[[ Data for analysis open ]]
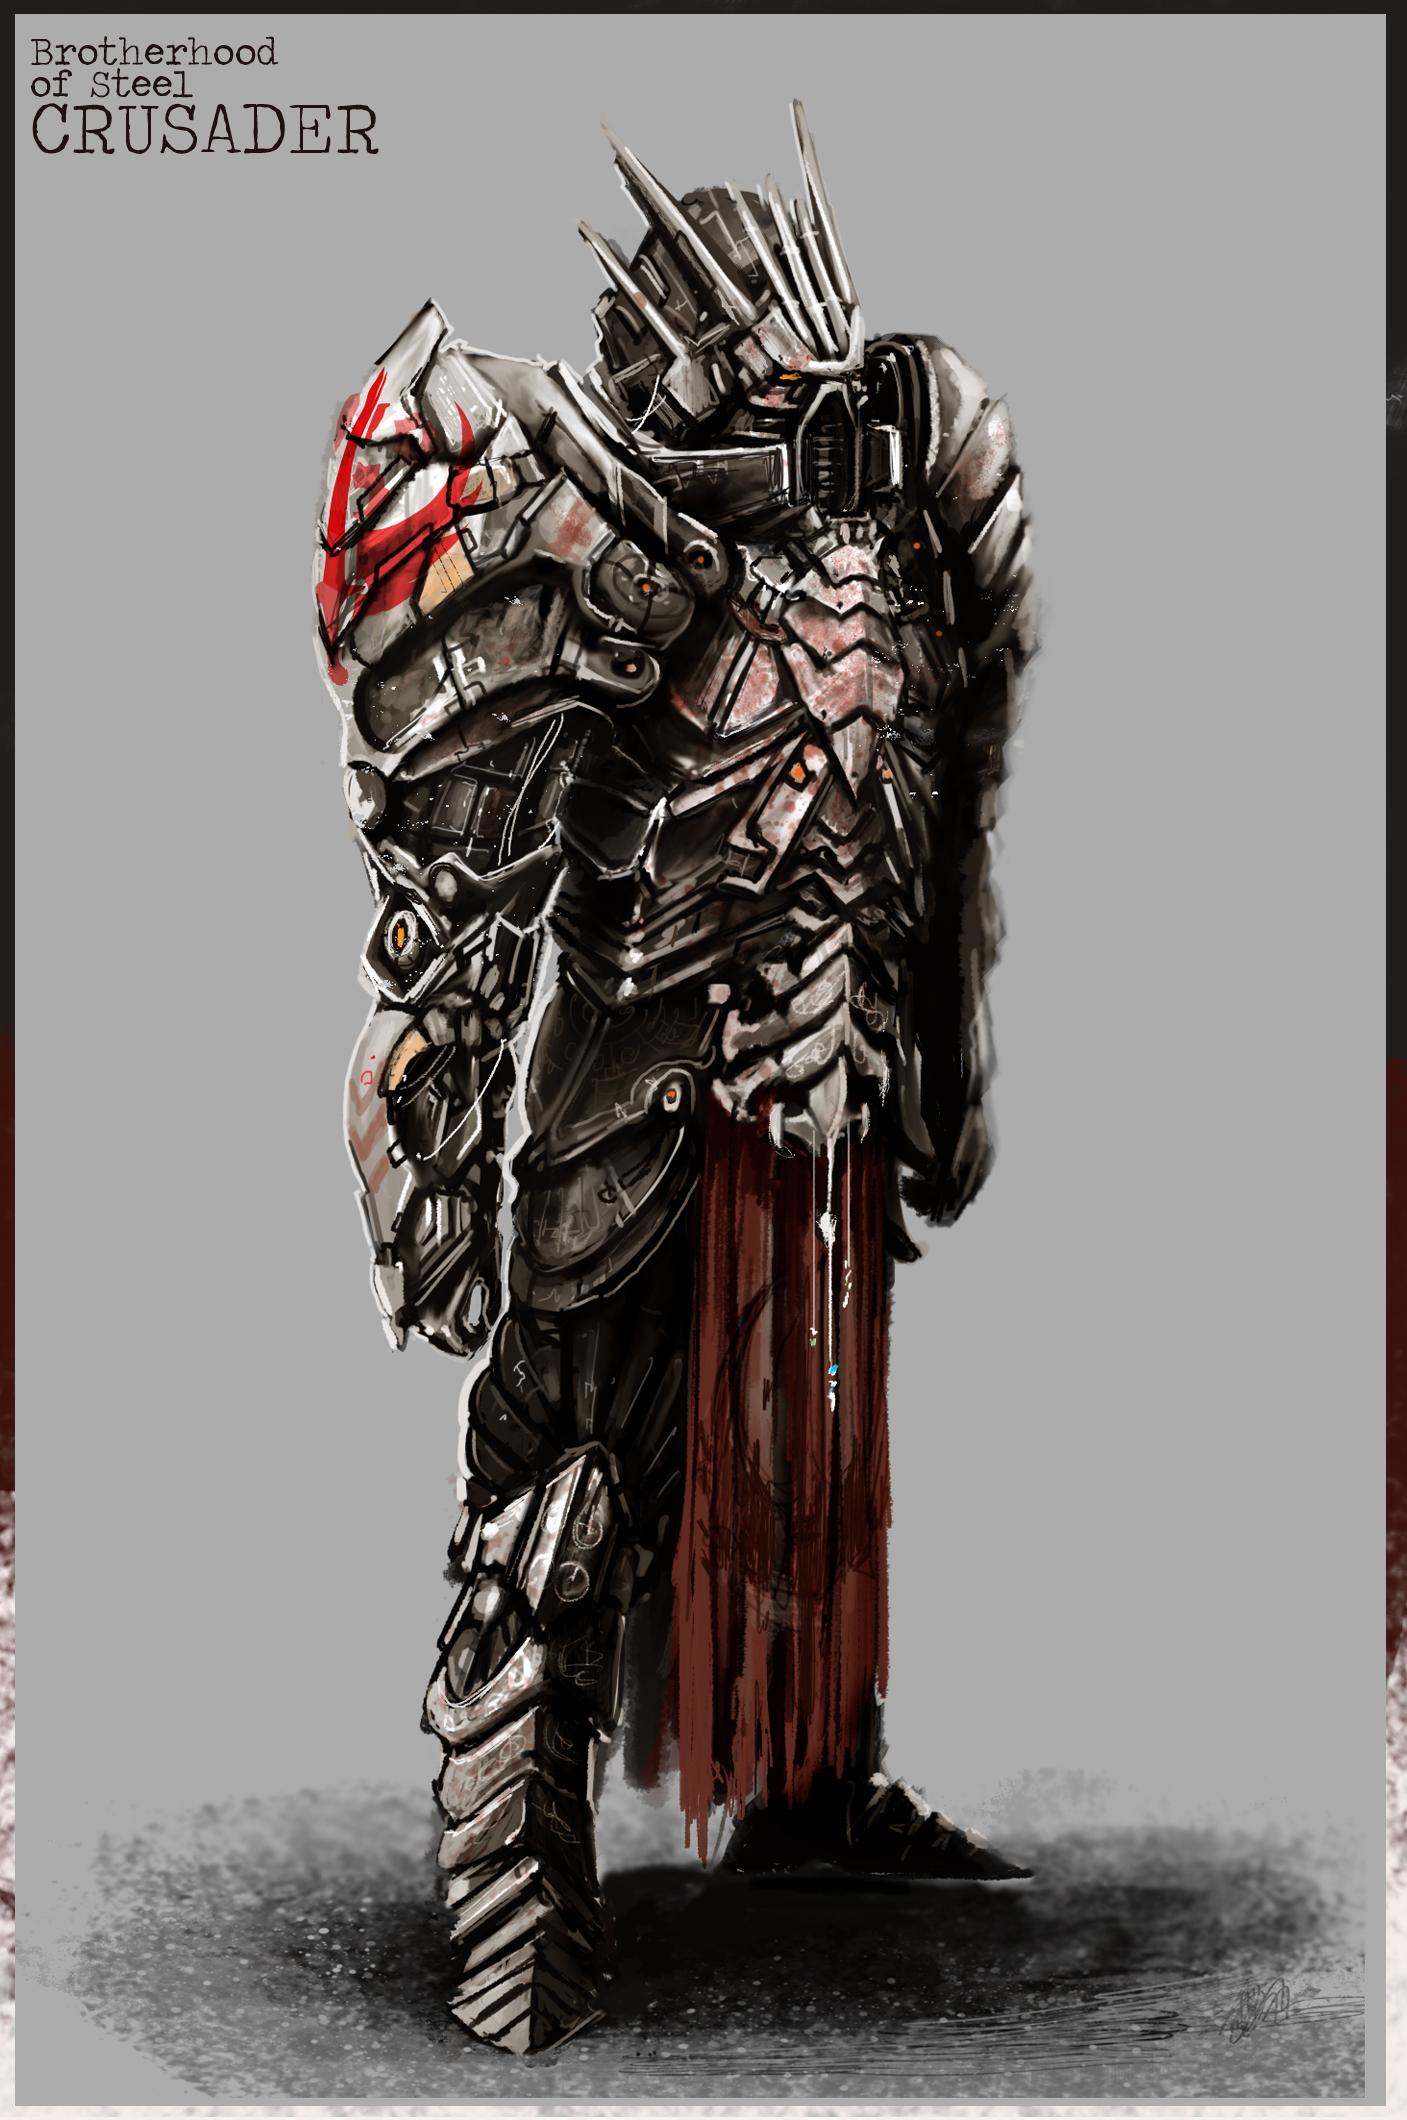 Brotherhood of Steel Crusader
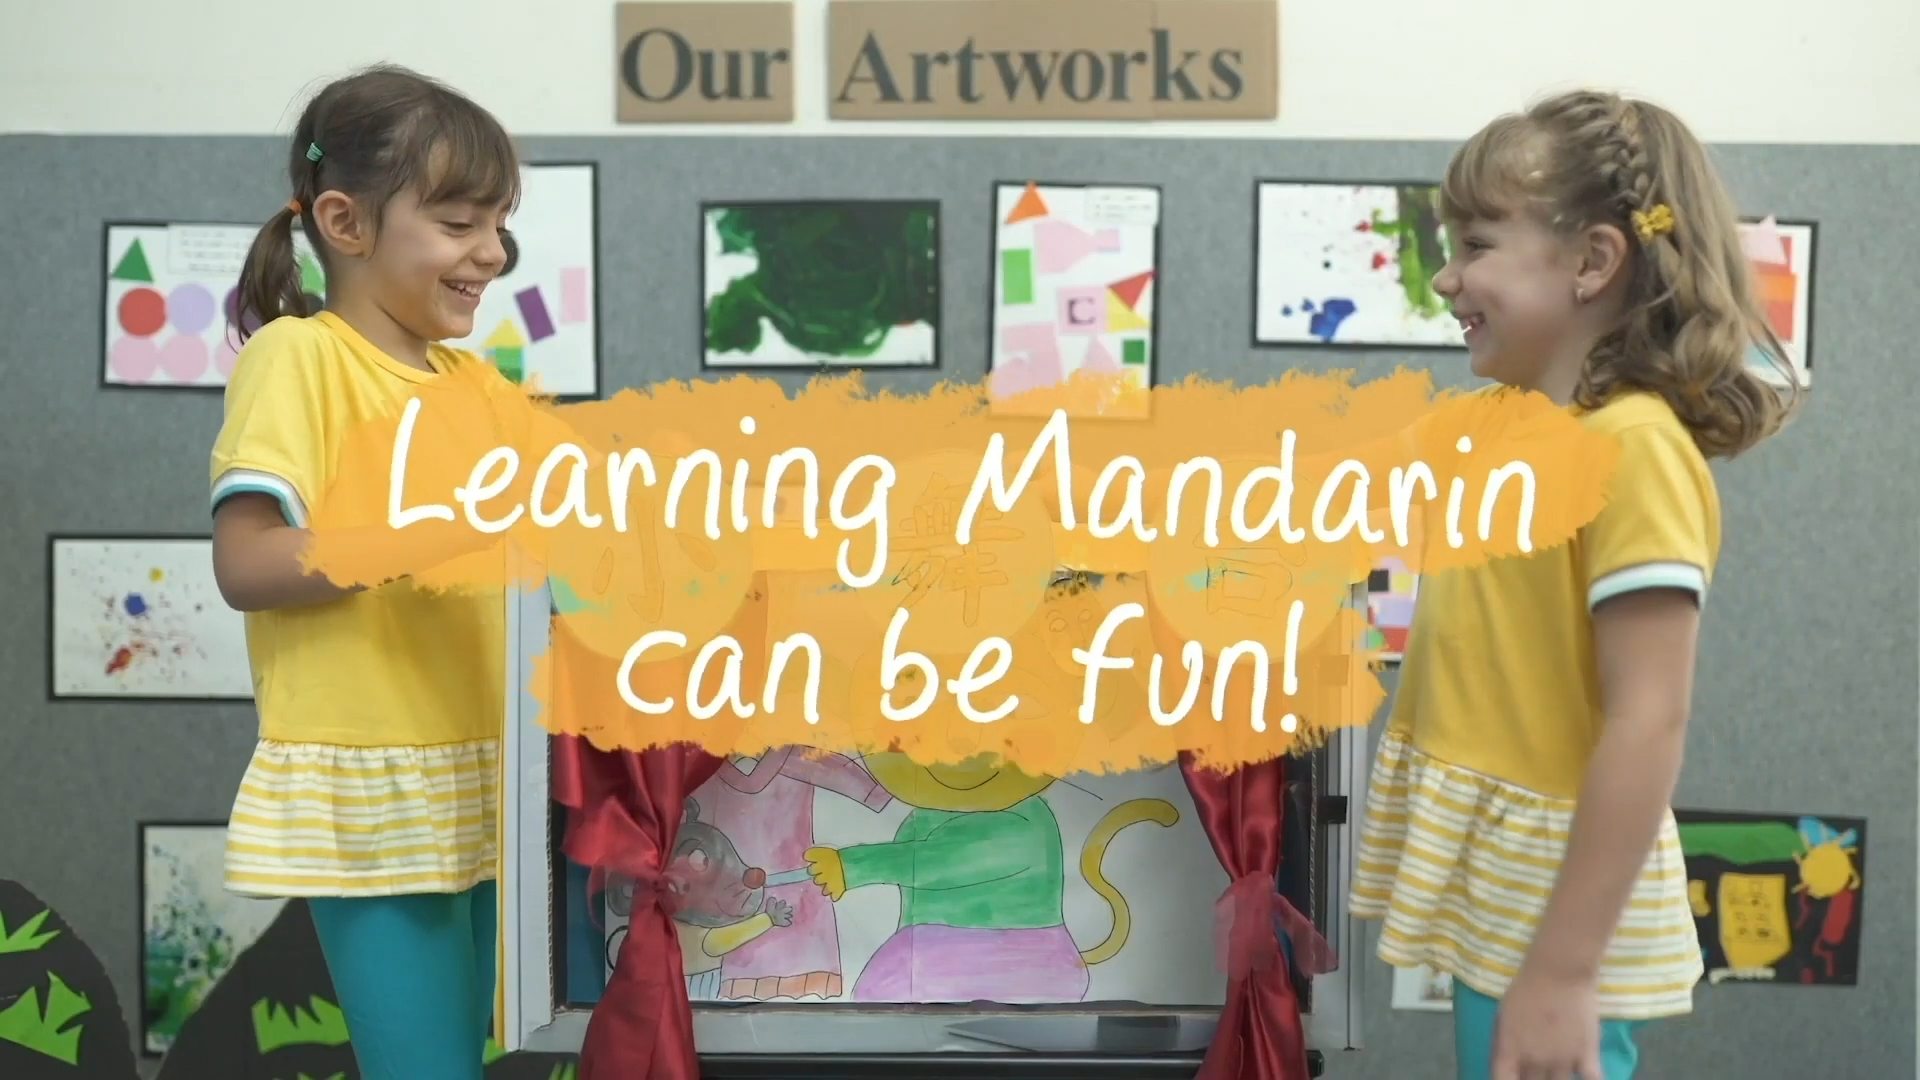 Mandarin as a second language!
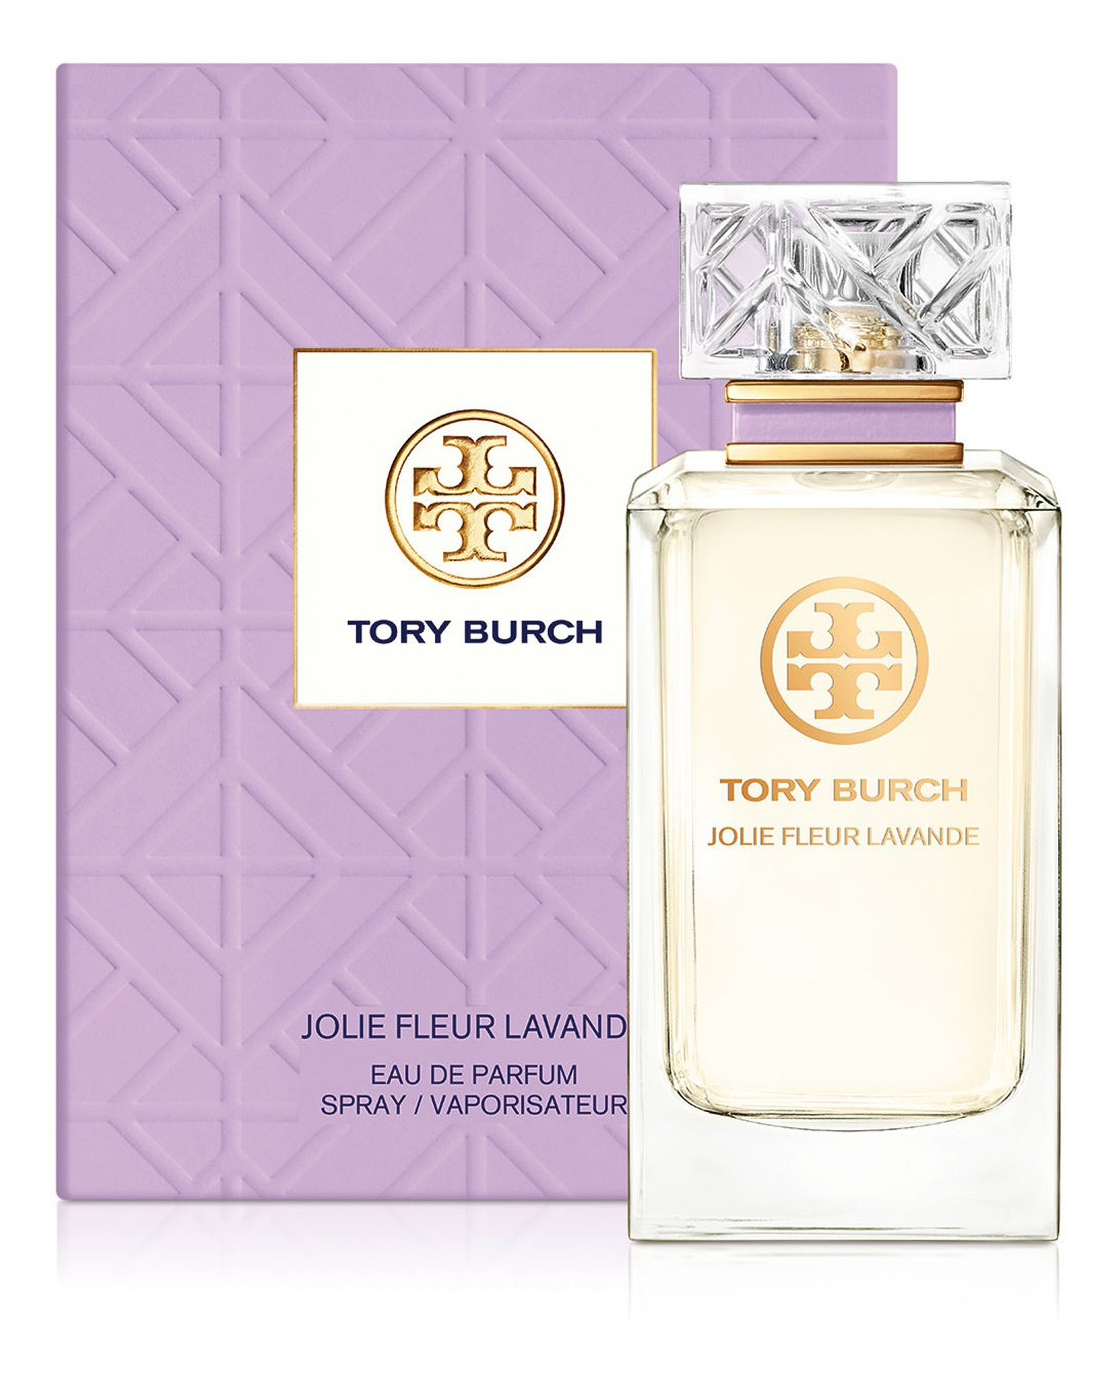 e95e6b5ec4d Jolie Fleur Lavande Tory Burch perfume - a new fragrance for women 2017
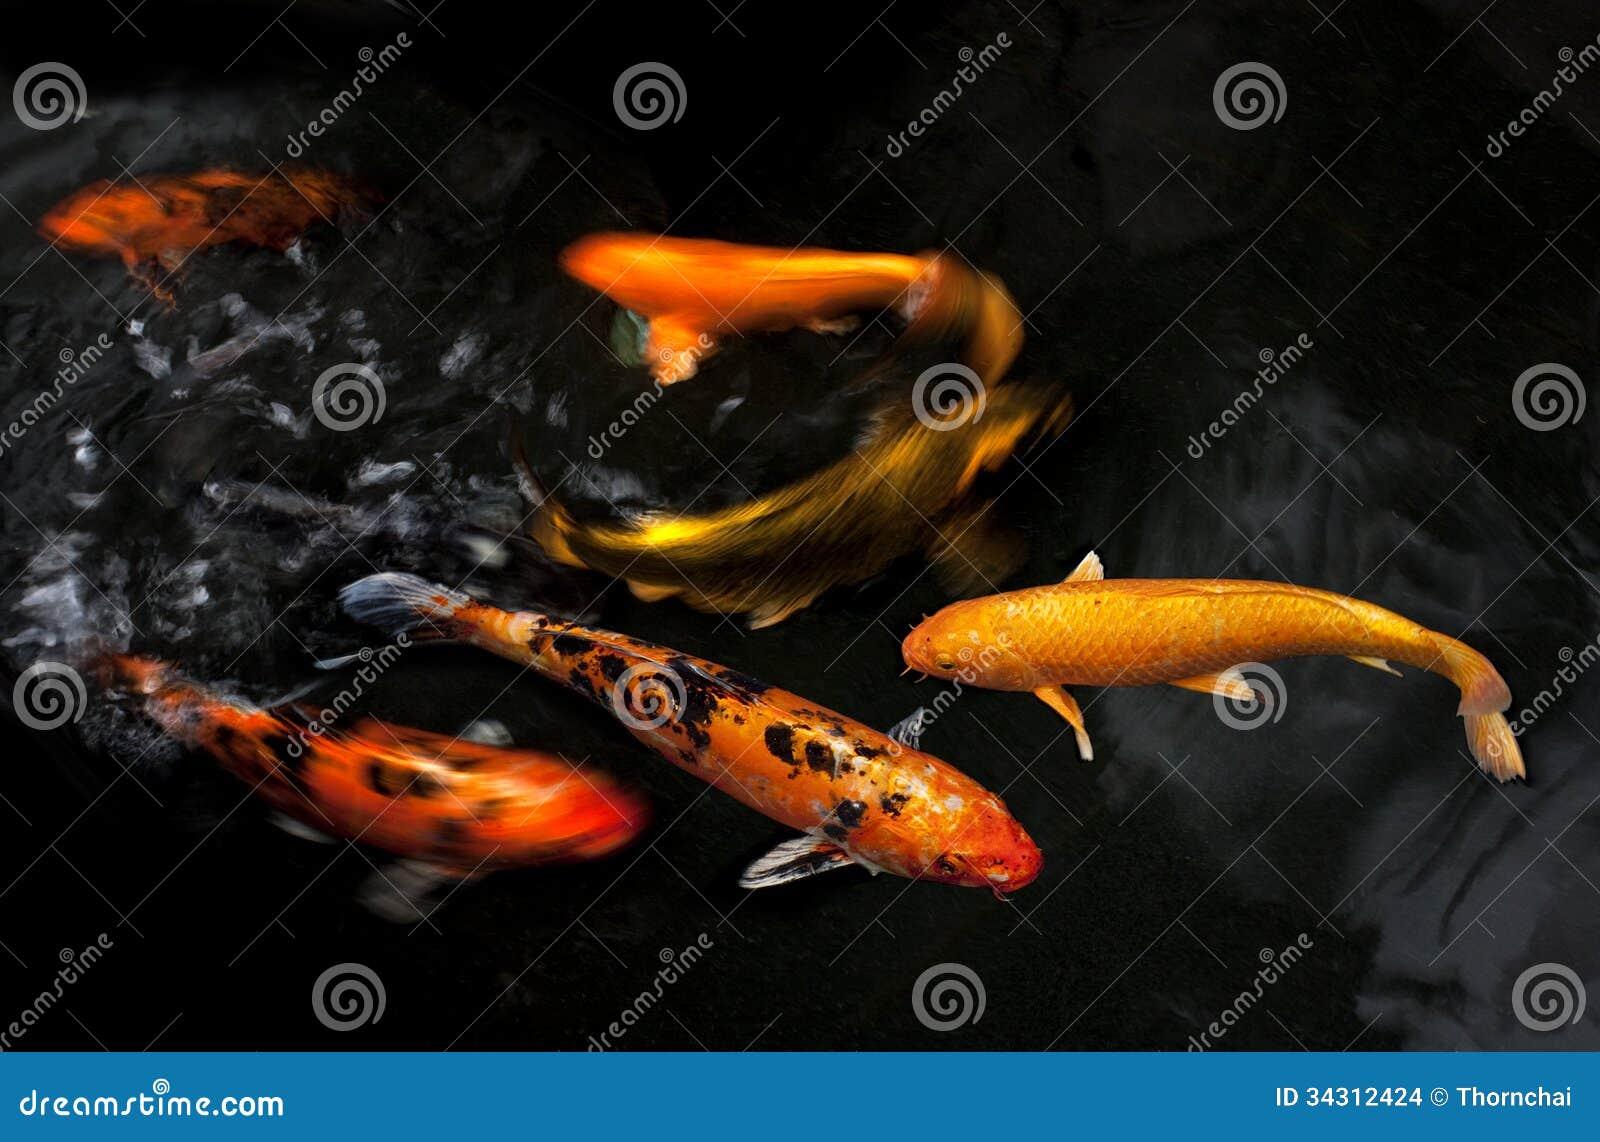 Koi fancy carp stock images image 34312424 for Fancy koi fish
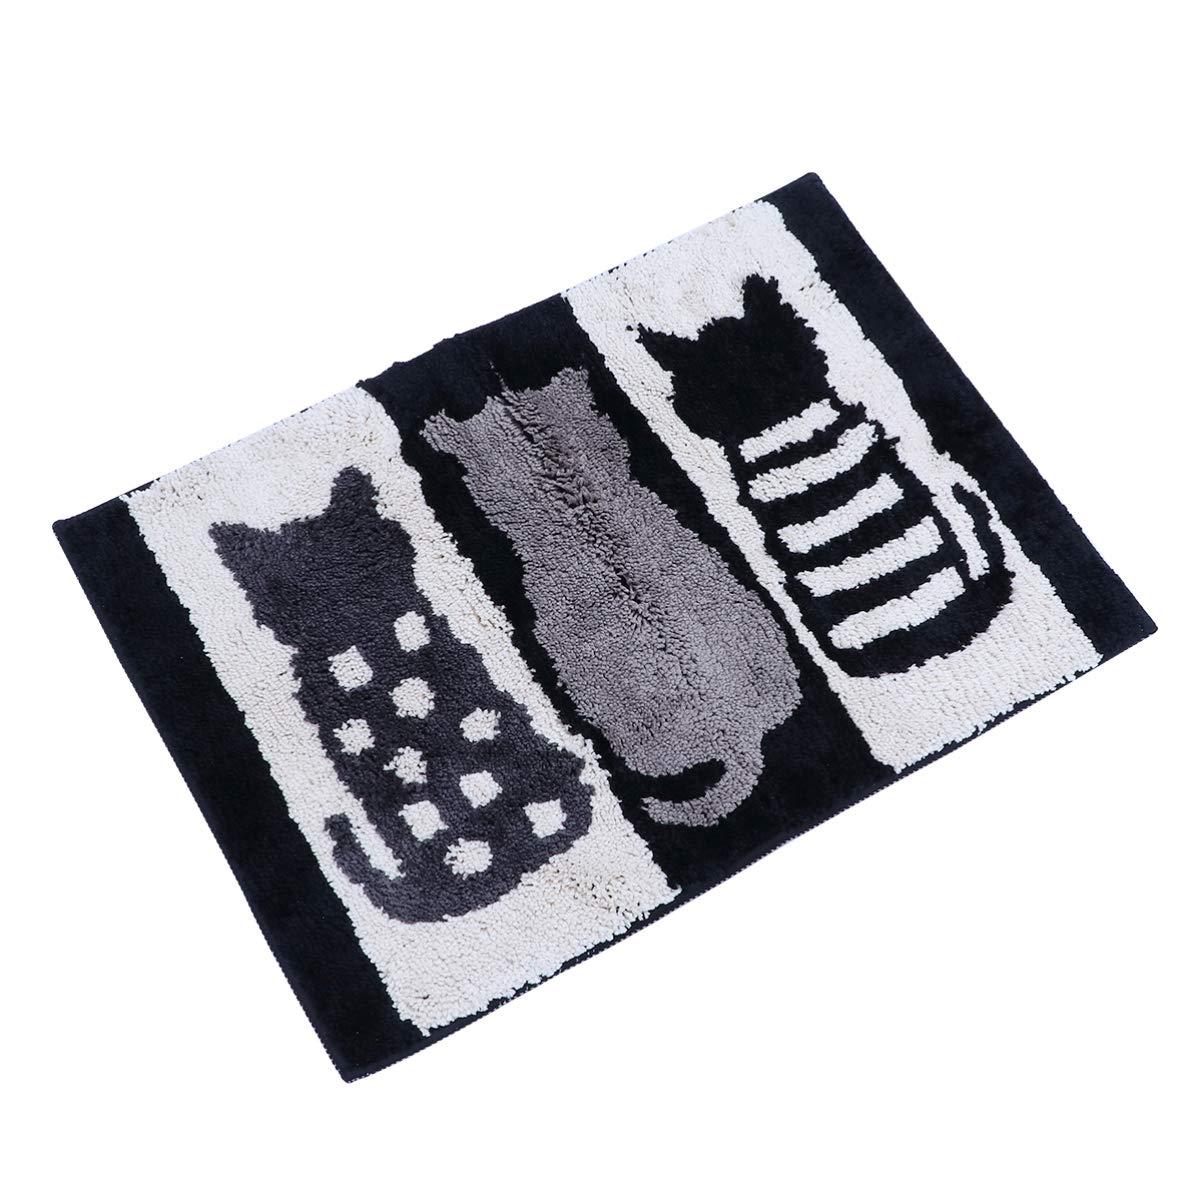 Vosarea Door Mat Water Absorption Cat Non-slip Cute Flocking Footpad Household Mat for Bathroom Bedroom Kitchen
[[ Data for analysis closed ]]
Reprint each of the records exactly and skip the images.

:: Response to this exercise ::
 Brotherhood of Steel Crusader
 Mandarin as a second language!
 e95e6b5ec4d Jolie Fleur Lavande Tory Burch perfume - a new fragrance for women 2017
 Koi fancy carp stock images image 34312424 for Fancy koi fish
 Vosarea Door Mat Water Absorption Cat Non-slip Cute Flocking Footpad Household Mat for Bathroom Bedroom Kitchen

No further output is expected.